Mit diesem Willen zur Bandbreite, zum pädagogischen Antrieb und hehren Netzwerkgedanken gründete man das Label, als die Miete für den Laden zu teuer wurde. Seitdem arbeitet man an der glamourösen Grenzverschiebung, entdeckt unbekannte Musiker und bringt sie mit etablierten zusammen, verhindert leichte Einordnung durch klar definierten, dafür aber um so langweiligeren Labelsound. Auf der Homepage gibt es eine Riesenseite mit Links zu anderen Labels wie Staalplaat, Digital Hardcore, Chemical Underground, Grand Royal, zu Bands wie Sonic Youth und Kraftwerk, außerdem in bester Mille-Plateaux-Tradition eine Theorieseite mit Lexikonartikeln über Derrida, Baudrillard, Deleuze und Guattari. Erst seit etwas mehr als einem Jahr existiert nun Fat Cat, das Label; unzählige Platten sind bereits erschienen.

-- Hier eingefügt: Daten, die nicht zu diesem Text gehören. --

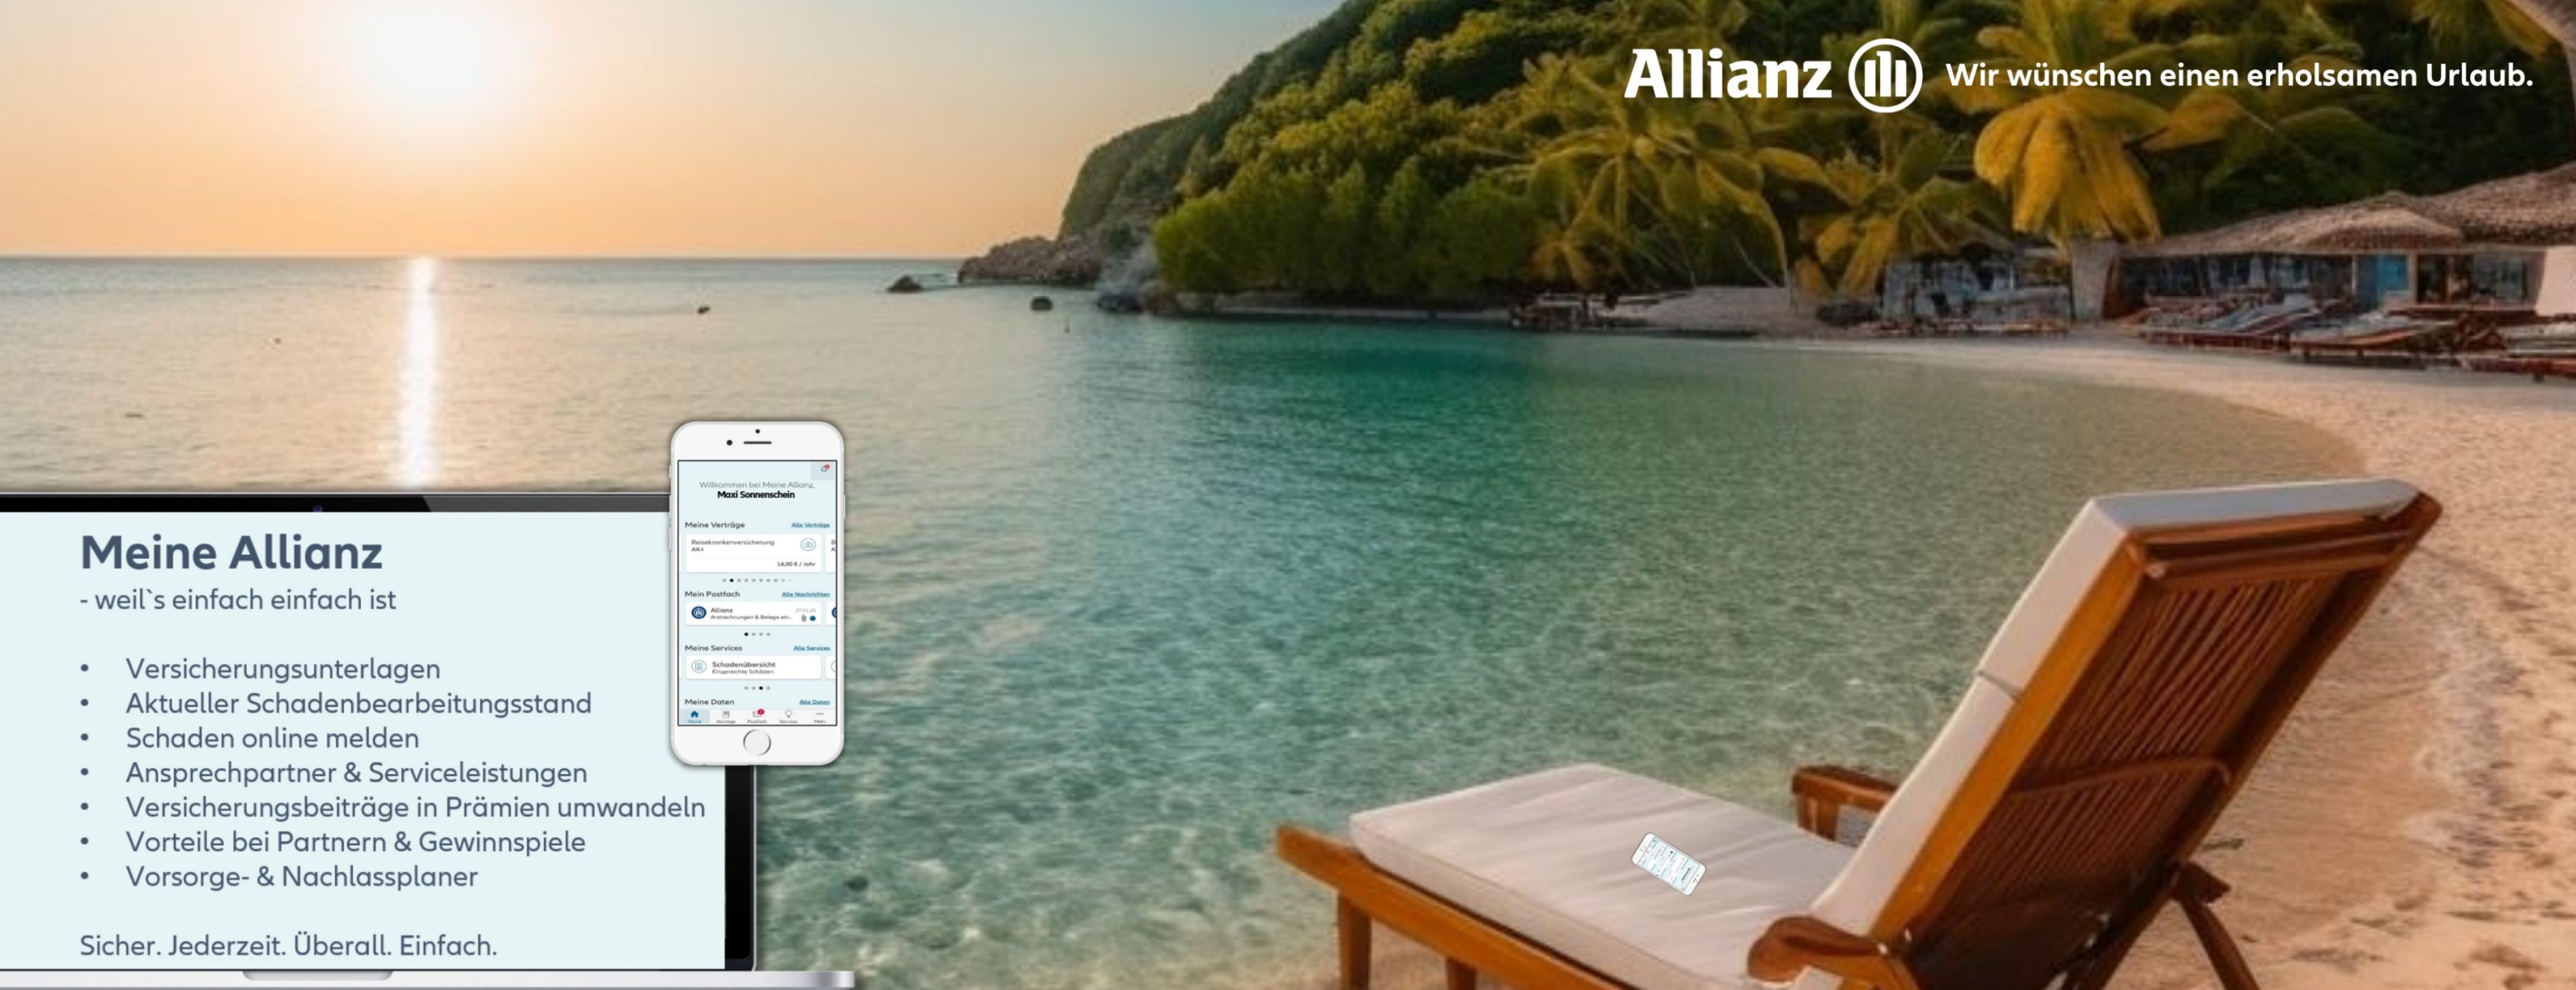 Allianz Versicherung Andreas Fuhrmann Berlin - Meine Allianz - wir wünschen erholsamen Urlaub

Vor kurzem gab es zur Orientierung einen wunderschönen Labelsampler, „Across Uneven Terrain“, der das rätselhafte Geheimwissen der Eingeweihten auch Außenstehenden zugänglich macht. Hier versammeln sich der berühmte Björk-Remix von Funkstörung, ein Autechre-Remix, Turntable-Noise, Industrial, Dub, Detroit Techno, Postrock von Mice Parade alias Adam Pierce, auch Mitglied der Dylan Group – organisch zusammengesetzt aus durch den Raum rotierenden Streichern, schüchternen Gitarrenharmonien, Xylophon, menschlichem Wispern und zerbrochenen Beats.

Ein anderes Projekt von Ex-Mitgliedern der Chicagoer Postrock-Band Rome stiftet unter dem Namen Sons of The Sun ein verdrehtes Stück mit einem Chaka-Khan-Sample, dem Bellen eines überdrehten Aufzieh-Pinschers, klingenden Gläsern, knarzendem Geigerzähler und Vocoderpoesie. Von Process, einem Musiker aus Brighton, der heute abend auch in Berlin mit dabei sein wird, stammt ein Stück, das einerseits an Minimaltechno, andererseits an den holprigen Maschinenkult von Staalplaat-Bands wie Esplendor Geométrico erinnert. Es rumpelt und pumpelt, daß es eine Freude ist, und kratzt herrlich altmodisch, und geht am Ende nur darum nicht in die Luft, weil der Glaube an das Sandkorn im Getriebe so unerschütterlich ist. Susanne Messmer

Fat Cat Party mit Transient Waves im Maria im Ostbahnhof, ab 22 Uhr

Ein Besen gleitet so langsam über das Becken, daß jeder Halm einzeln hörbar wird.